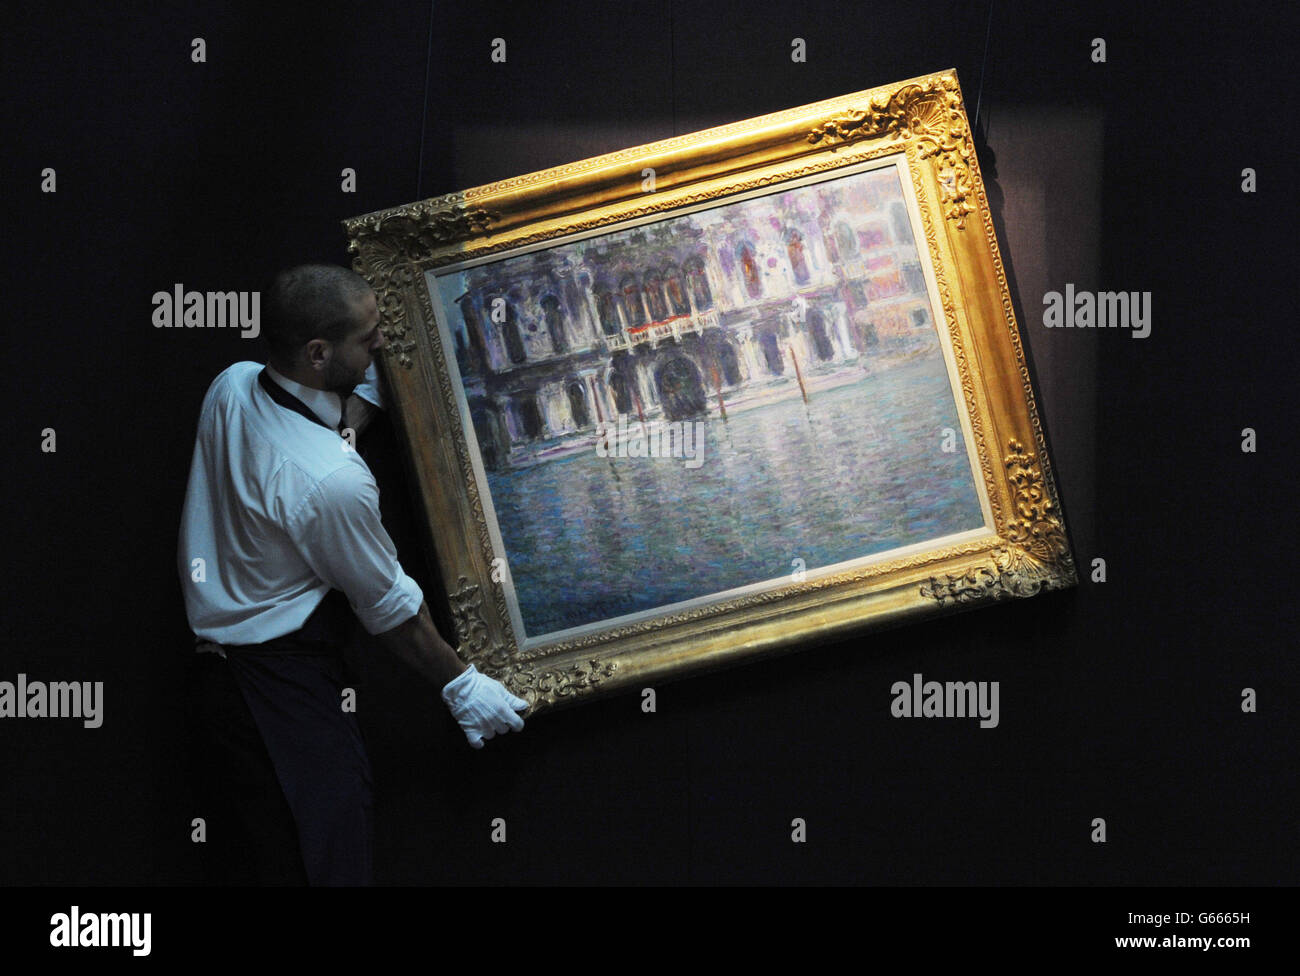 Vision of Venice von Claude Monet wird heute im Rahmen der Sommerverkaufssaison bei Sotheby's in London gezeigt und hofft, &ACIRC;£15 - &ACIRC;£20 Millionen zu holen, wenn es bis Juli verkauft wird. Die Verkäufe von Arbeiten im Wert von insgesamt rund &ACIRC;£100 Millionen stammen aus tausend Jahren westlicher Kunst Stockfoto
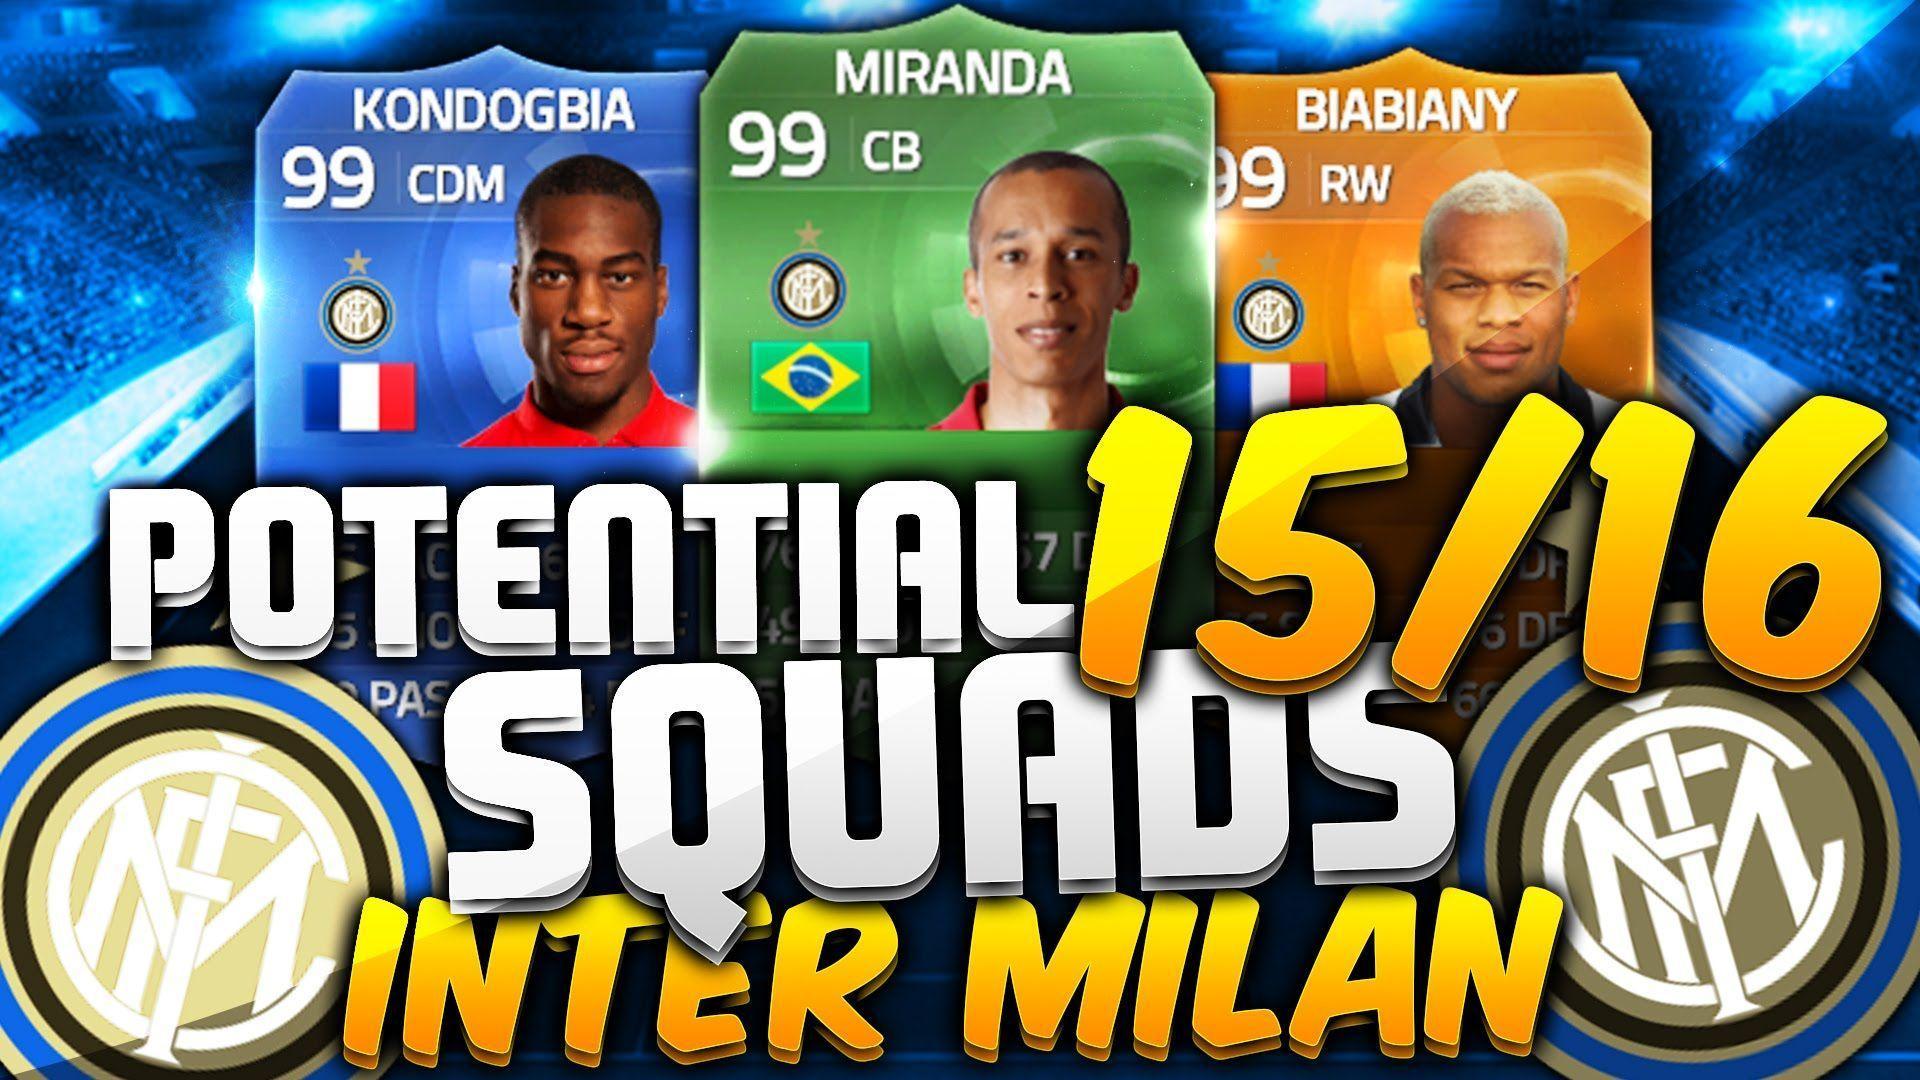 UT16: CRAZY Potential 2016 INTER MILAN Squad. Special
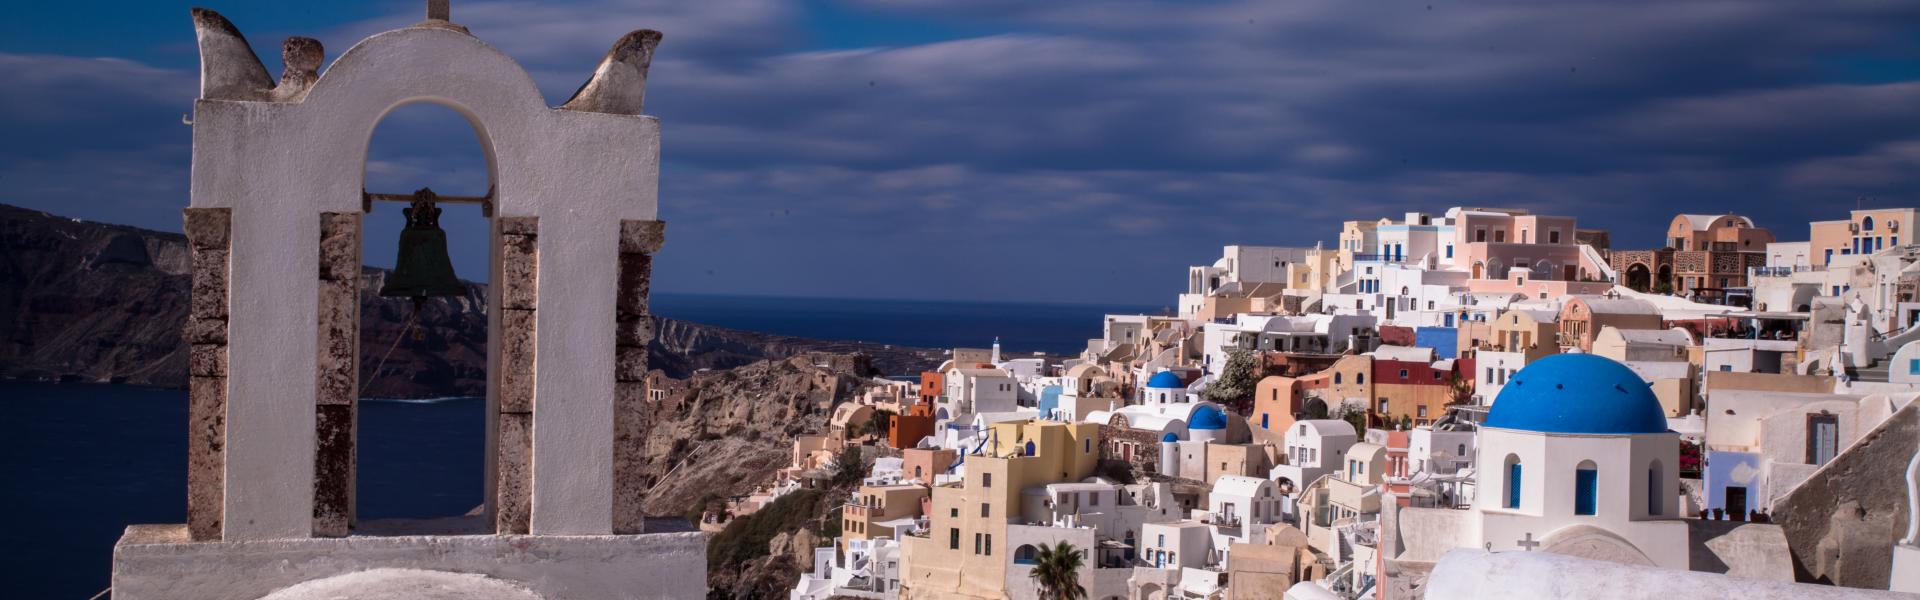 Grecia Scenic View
##############################
> _Work to complete_
Without including any picture, set down the listing above exactly as it appears.

> _Expected output_
 Vision of Venice von Claude Monet wird heute im Rahmen der Sommerverkaufssaison bei Sotheby's in London gezeigt und hofft, &ACIRC;£15 - &ACIRC;£20 Millionen zu holen, wenn es bis Juli verkauft wird. Die Verkäufe von Arbeiten im Wert von insgesamt rund &ACIRC;£100 Millionen stammen aus tausend Jahren westlicher Kunst Stockfoto
 UT16: CRAZY Potential 2016 INTER MILAN Squad. Special
 Grecia Scenic View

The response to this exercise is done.